Według specjalistów kierowca może poprawnie zinterpretować informacje z 5 znaków. Natomiast są drogi gdzie stoi 16 znaków jeden za drugim a na jednym słupie jest 5 tabliczek. Jeżeli ogarniasz to wszystko to tylko pogratulować |
# set 07.12.2013 20:46 |
|
Daro napisał 07.12.2013 15:46 No i jeszcze fotoradary ustawione nie tam gdzie jest niebezpiecznie a tam gdzie można łatwo wydoić kierowcę Dla mnie mogą stać co 1 kilometr, i egzekwować prawo ale prawo właściwe czyli w polu i w lesie 90 -100 km/h a nie jakieś 50 km/h bo zabudowany?? chyba dziuplami dzięciołów, a przechodzi kto? chyba bociany na wiosnę, znak tam tak potrzebny jak znak uwaga metro.... Jestem za surowym karaniem ale również i sprawdzeniem czy aby 50 km/h obowiązuje wszędzie tam gdzie to jest potrzebne... czy nie trzeba w kilku miejscach podnieść prędkość. |
# drajwer zawodowy 07.12.2013 22:04 |
|
Daro napisał 07.12.2013 19:34 Panie Daro, jedź uważnie stosując się do obowiązków wynikających z prawa o ruchu drogowym, wszystkie znaki i ich znaczenie wychwycisz bo wszystkie są istotne (a nie jeden z nich, który chcesz wyselekcjonować).Kierowca może w natłoku naćkanych jeden za drugim znaków po prostu nie zauważyć tego istotnego.
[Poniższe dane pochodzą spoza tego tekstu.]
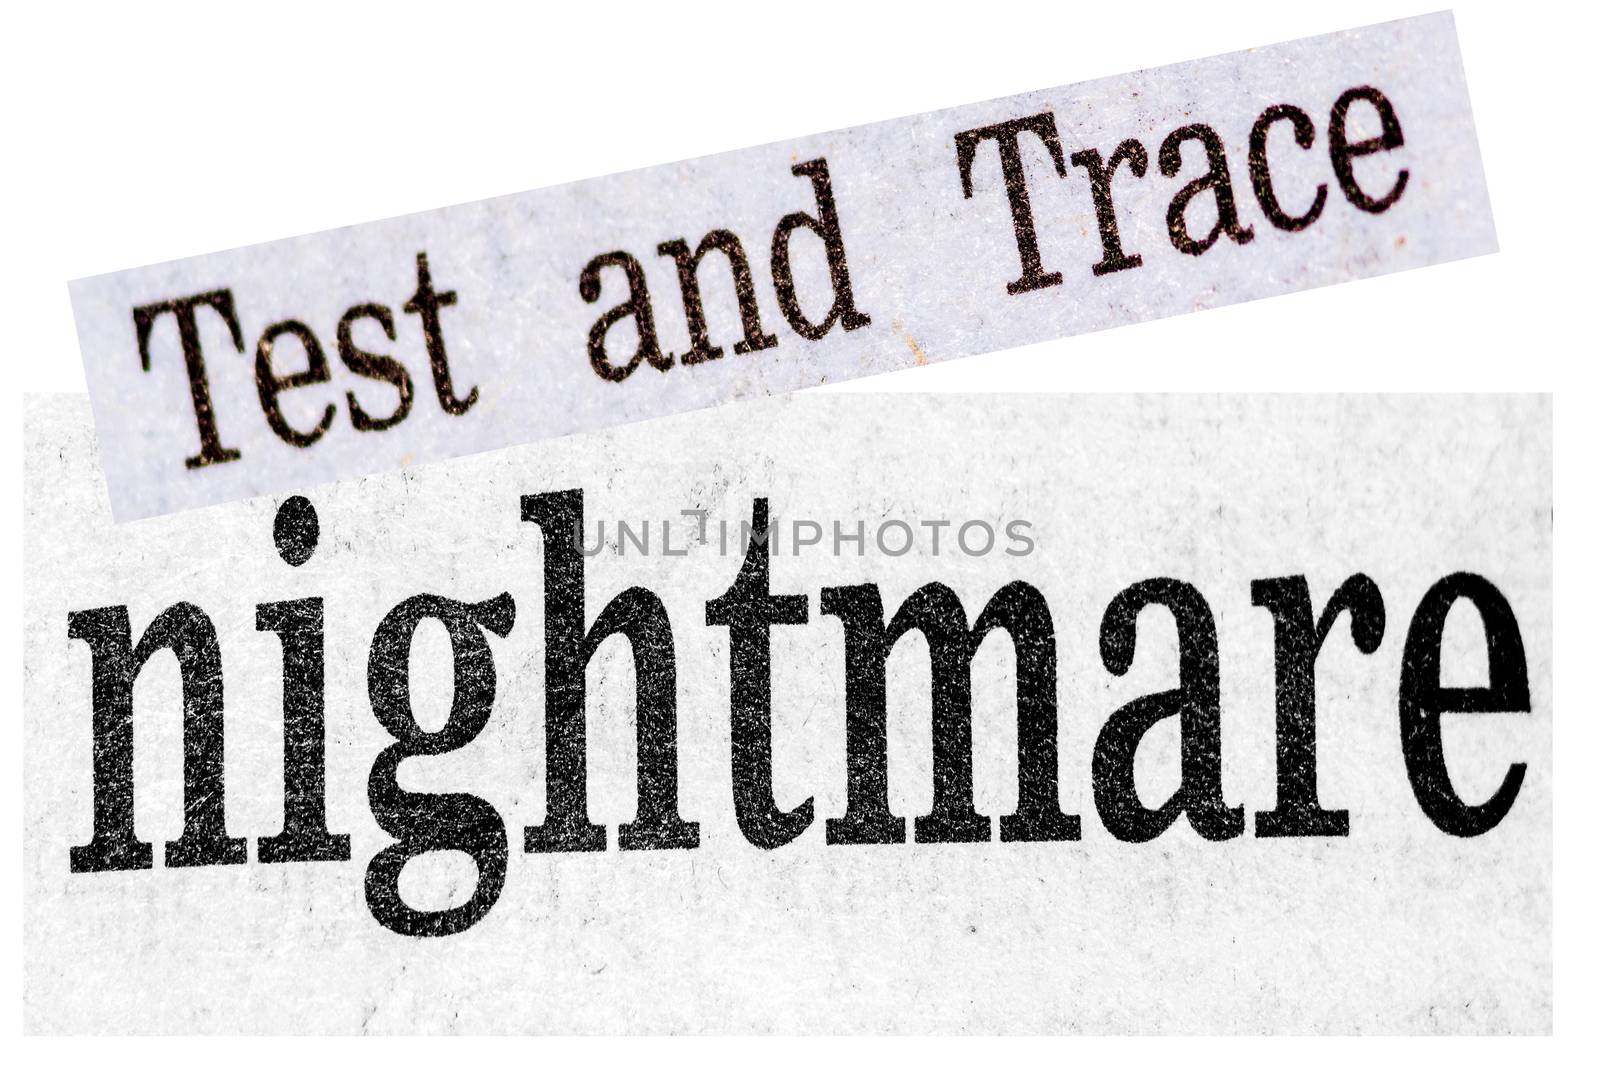 Distressed newspaper headline test and trace nightmare by paddythegolfer
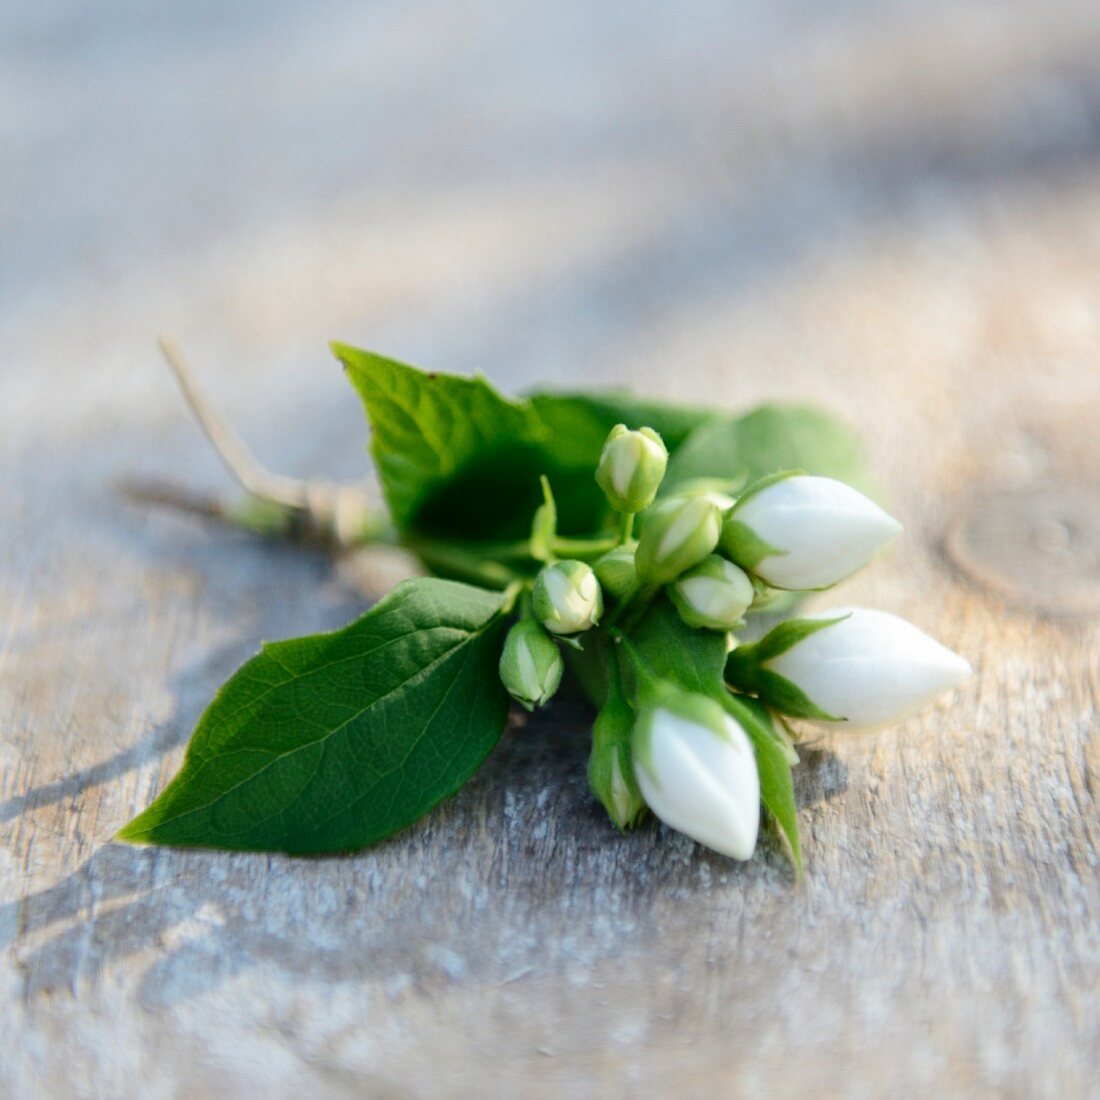 White jasmine flowers on wooden table

A propos rzekomego pola z oznaczeniem "obszar zabudowany" - pamiętaj, że w razie wypadku gdy poszkodowanym będzie człowiek, który wszedł na jezdnię szosy ale (z Twojej winy ponieważ) przekroczyłeś dozwoloną prędkość, policja i prokurator będą pytać czy widziałeś znak oznaczający obszar zabudowany i dlaczego nie dostosowałeś prędkości pojazdu do obowiązujących przepisów w obszarze zabudowanym. I dla tych panów (lub pań) nie będzie istotne, że Twoja interpretacja jest różna od narzuconej przepisami ruchu drogowego. |
Daro 08.12.2013 09:41 |
|
Zanim napisałem tego posta sprawdziłem kilka artykułów, specjaliści, psycholodzy są zgodni co do jednego- nadmiar znaków drogowych wprowadza dezinformacje, kierowcy zmęczeni szpalerem znaków przestają na nie reagować bo po prostu jadąc koło szpaleru znaków nie są fizycznie w stanie ich zapamiętać i poprawnie zinterpretować
Takie są niestety wyniki badań robionych nie tylko w Polsce. Efektem tych badań jest także stwierdzenie że w krajach gdzie ograniczono ilość znaków drogowych skupiając się na tych najważniejszych i ustawiając je sensownie zmniejszyła się ilość wypadków W Polsce znaki drogowe pełnią rolę dupochronów dla zarządców dróg |
# drawer zawodowy 08.12.2013 12:35 |
|
Panie Daro, sprawa nadmiaru jak i niedomiaru jest inna sprawą niż "Echa tragedii na obwodnicy: skrzyżowanie pod lupą".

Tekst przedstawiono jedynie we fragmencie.